Novel by Scottish author Christopher Brookmyre.
Published in 2005, Be My Enemy is the fourth book featuring Brookmyre's recurring character journalist Jack Parlabane.
Parlabane gets an invitation to a fun-filled weekend at an old, remote Scottish castle turned hotel, where a newly formed event firm is launching its first-ever team-building programme. Dreading what kind of company he'll be in at such an event, Parlabane brings his old friend Tim Vale as his photographer, so that he will at least have one ally when the buzz words, the trust exercises and the general silliness commence.
The other guests turn out to be a mixed bunch, making for a rather unpleasant mood when the conversation turns to politics on the first evening, but other than that things go relatively well. Until they stop going well, that is. Shots are fired at the group during a field exercise. Phones and cars are tampered with, cutting off contact with civilization. People disappear. Headless corpses show up. And so do sword-wielding nutters. They're under siege, and they don't know why.
Neither do the short-staffed hotel's stressed-out employees or its increasingly desperate owner, who have all been struggling to keep things afloat with seeming ease. Pretenses are dropped and forces joined as physical, not financial, survival becomes the main objective of the weekend.
This novel provides examples of:
- All Men Are Perverts: Rory's philosophy when directing TV commercials.
- Aristocrats Are Evil: Subverted. Sir Lachlan possesses both kindness and integrity.
- The Atoner: Toby. Rory Glenn too, except other than feeling bad he isn't doing much about it; not till the end of the story at least.
- Beware the Nice Ones: Joanna. She's an overweight, easygoing computer nerd, but don't push her too far!
- Broken Bridge: Naturally. The hotel is isolated in the wilderness and there's only one road; and when that bridge goes down...
- Cell Phones Are Useless: The stranded guests want to call 999... but someone's mysteriously stolen all their SIM cards! Except for several years, Mobile Phones have let you dial emergency numbers without a SIM card.
- Chivalrous Pervert: Rory Glenn. He respects women, but can't help himself obsessing about what's under their clothes. To a somewhat pathological degree, not because All Men Are Perverts.
- Embarrassing Tattoo: Peter Mathieson's tattoo is a permanent reminder of his failed career in the music industry.

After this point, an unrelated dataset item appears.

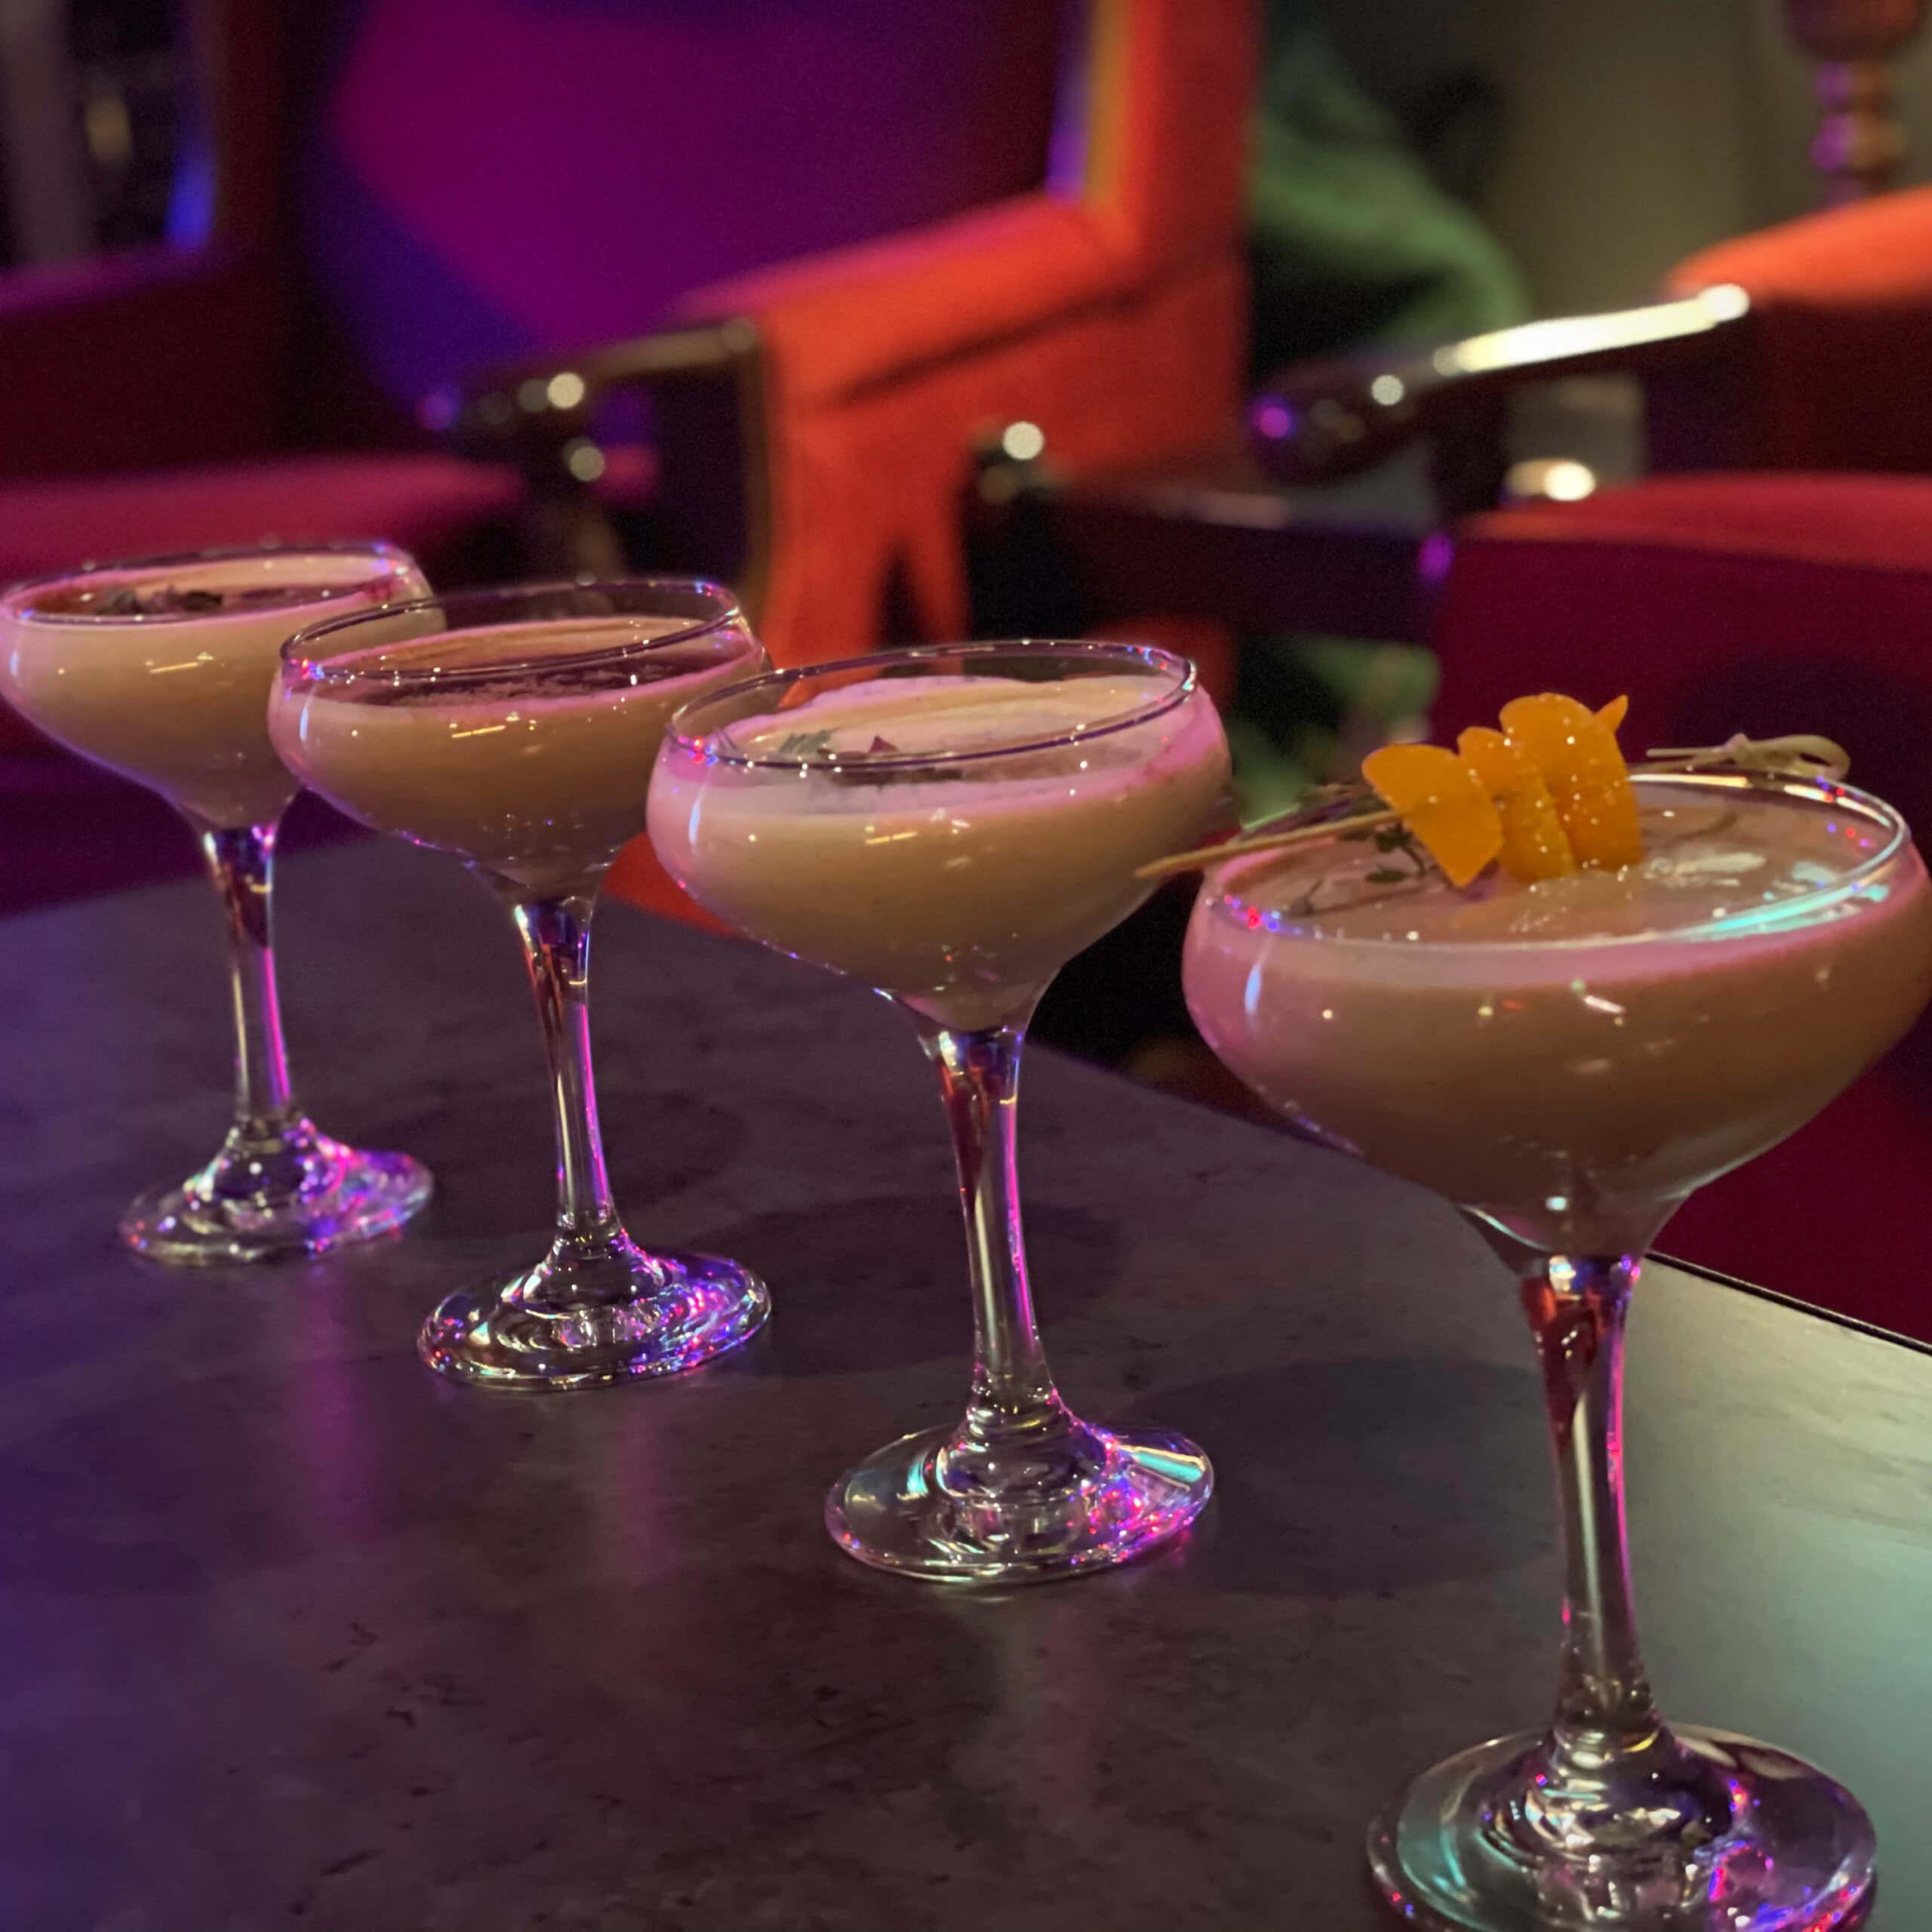 Cocktails at Jimmy Hornet

- I'm a Humanitarian: Unintentional. They thought they were eating ostrich.
- Improvised Weapon: Pretty much anything the heroes can grab in their desperate predicament.
- Jerkass: The cook Peter Mathieson. He abuses his relative position of power for all its worth, he's petty, arrogant, narcissistic and a creep.
- Master Swordsman: The heroes are confronted with one of these. Fortunately for them, he's not a master of the pool table, which collapses under him, leading him to rather spectacularly behead himself.
- Old Shame: Peter Mathieson's brief time as a boy band "star".
- Retired Badass: Sir Lachlan to some degree. He's nowhere near One-Man Army territory or anything, but he's a lot more capable and combat experienced than anyone expected.
- Some of My Best Friends Are X: Invoked by most characters at some point to show they're not sexist/racist/English-hating/man-hating/Tory-hating/leftie-hating/etc.
- Ten Little Murder Victims: It's a classic Closed Circle, Old, Dark House setting.
- The Mole / Red Herring Mole: One of the two organisers disappears, and people start to suspect he might have been working for the mysterious enemy. Until The Reveal when Jack finds his head, and has a horrible realisation that The Mole is actually the other organiser, who's now alone inside the castle with one of the others.